• Exercise instructions: Somewhere below are a line with "revista scooter nueva" and a later line with "Harvesting of hops". Output exactly those lines and all lines between them.

• Recorded data:
⁂
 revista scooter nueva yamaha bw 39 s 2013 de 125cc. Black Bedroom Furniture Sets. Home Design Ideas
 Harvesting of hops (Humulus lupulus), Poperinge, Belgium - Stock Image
⁂
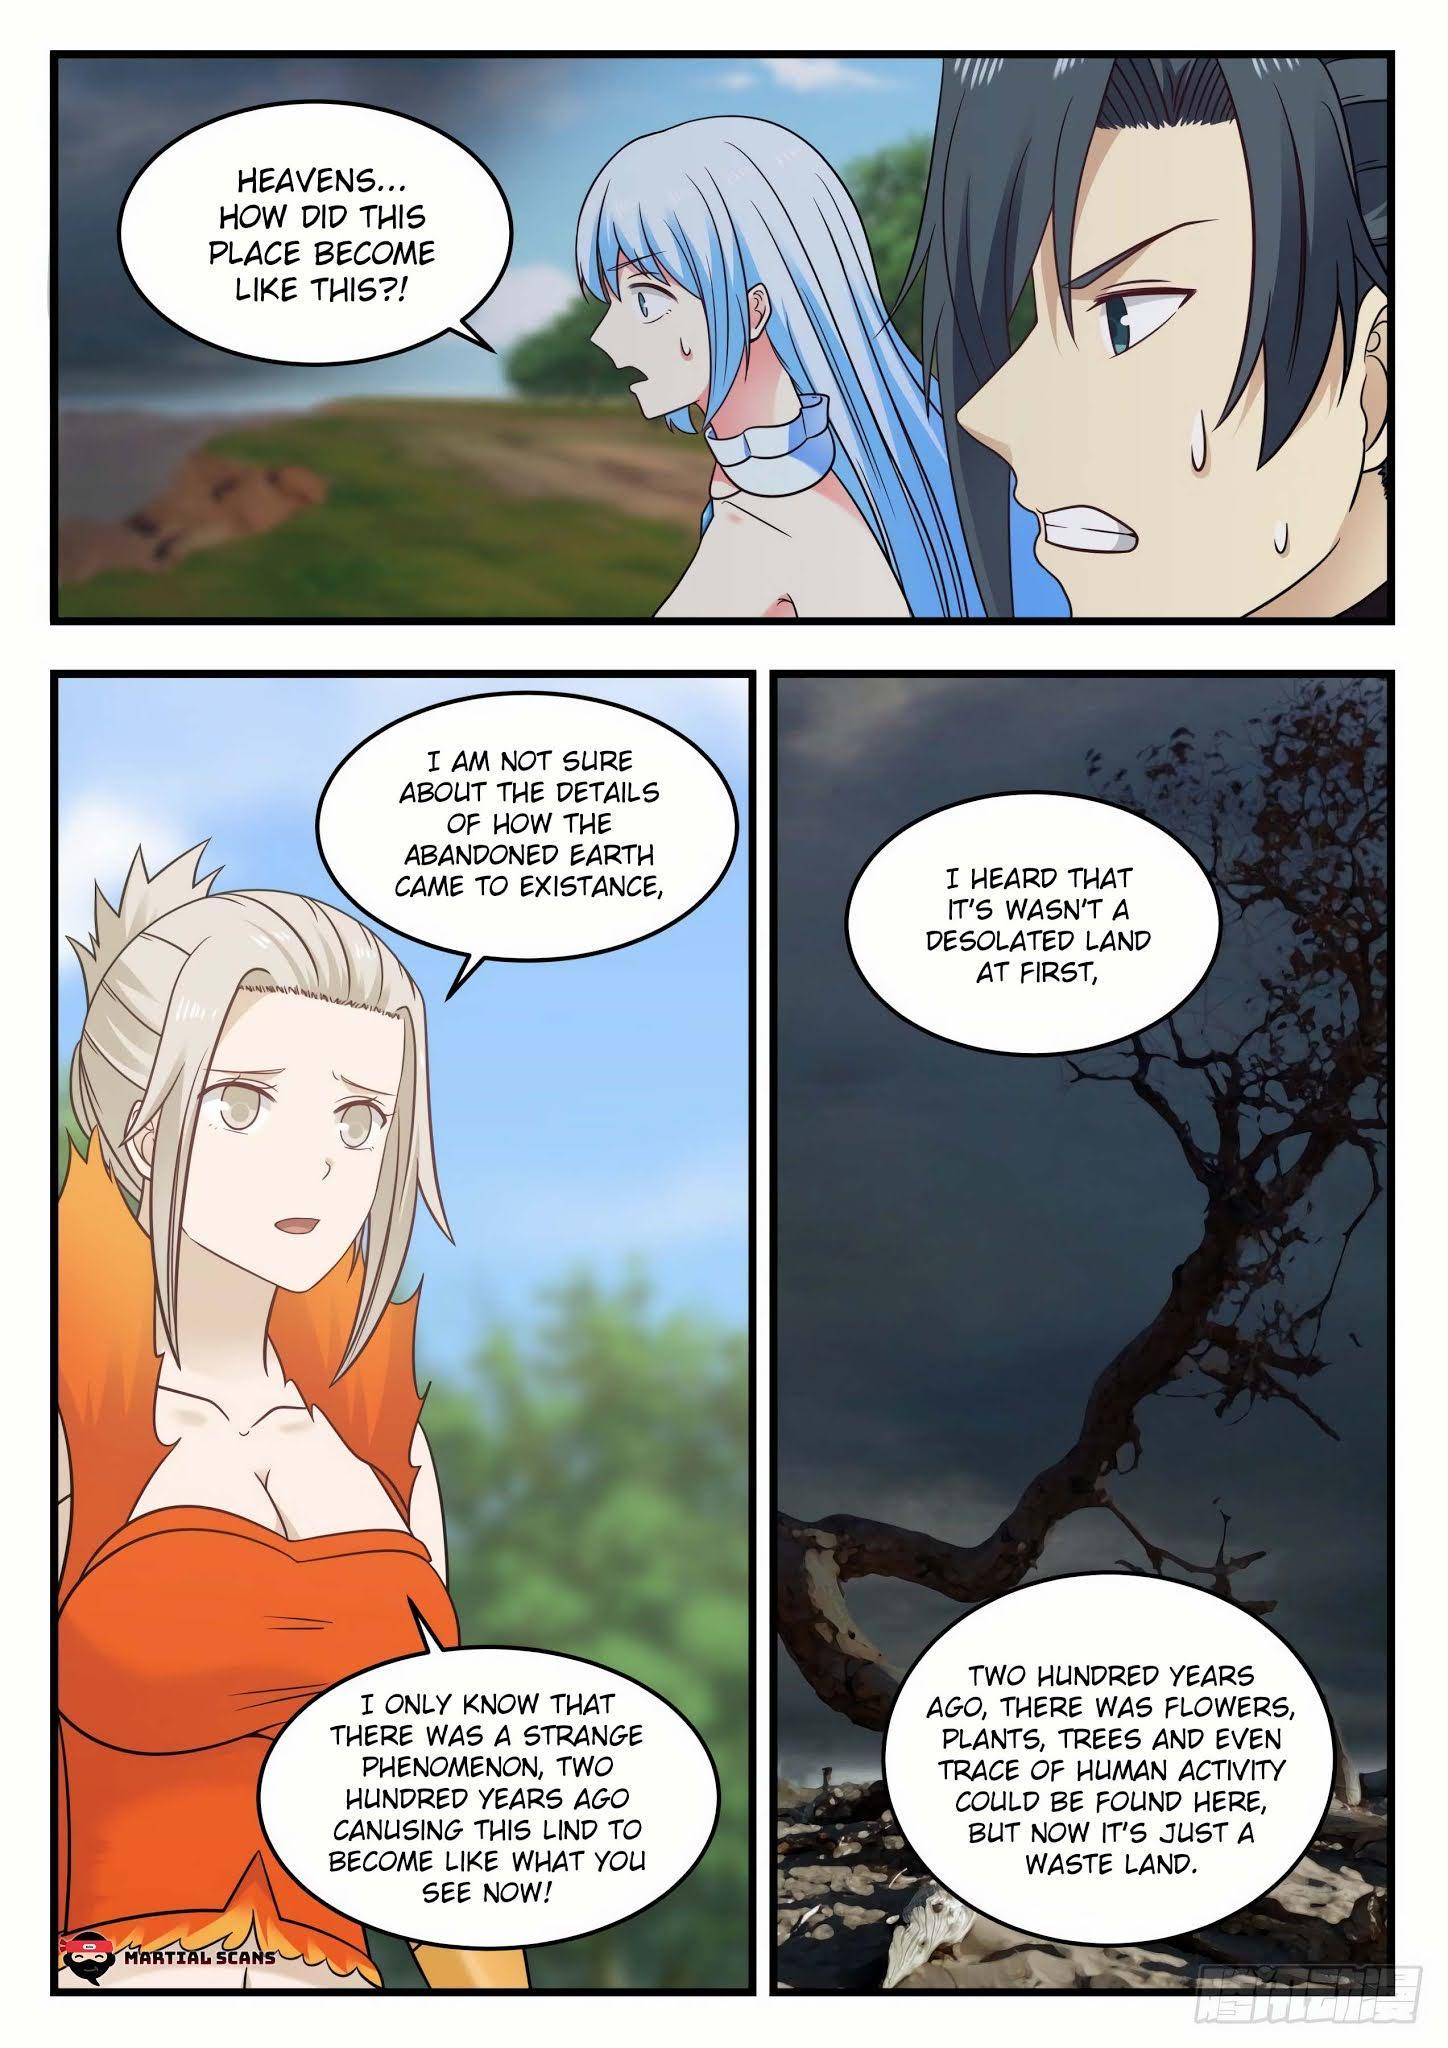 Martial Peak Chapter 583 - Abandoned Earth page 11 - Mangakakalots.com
⁂
• Answer to the exercise:
 revista scooter nueva yamaha bw 39 s 2013 de 125cc. Black Bedroom Furniture Sets. Home Design Ideas
 Harvesting of hops (Humulus lupulus), Poperinge, Belgium - Stock Image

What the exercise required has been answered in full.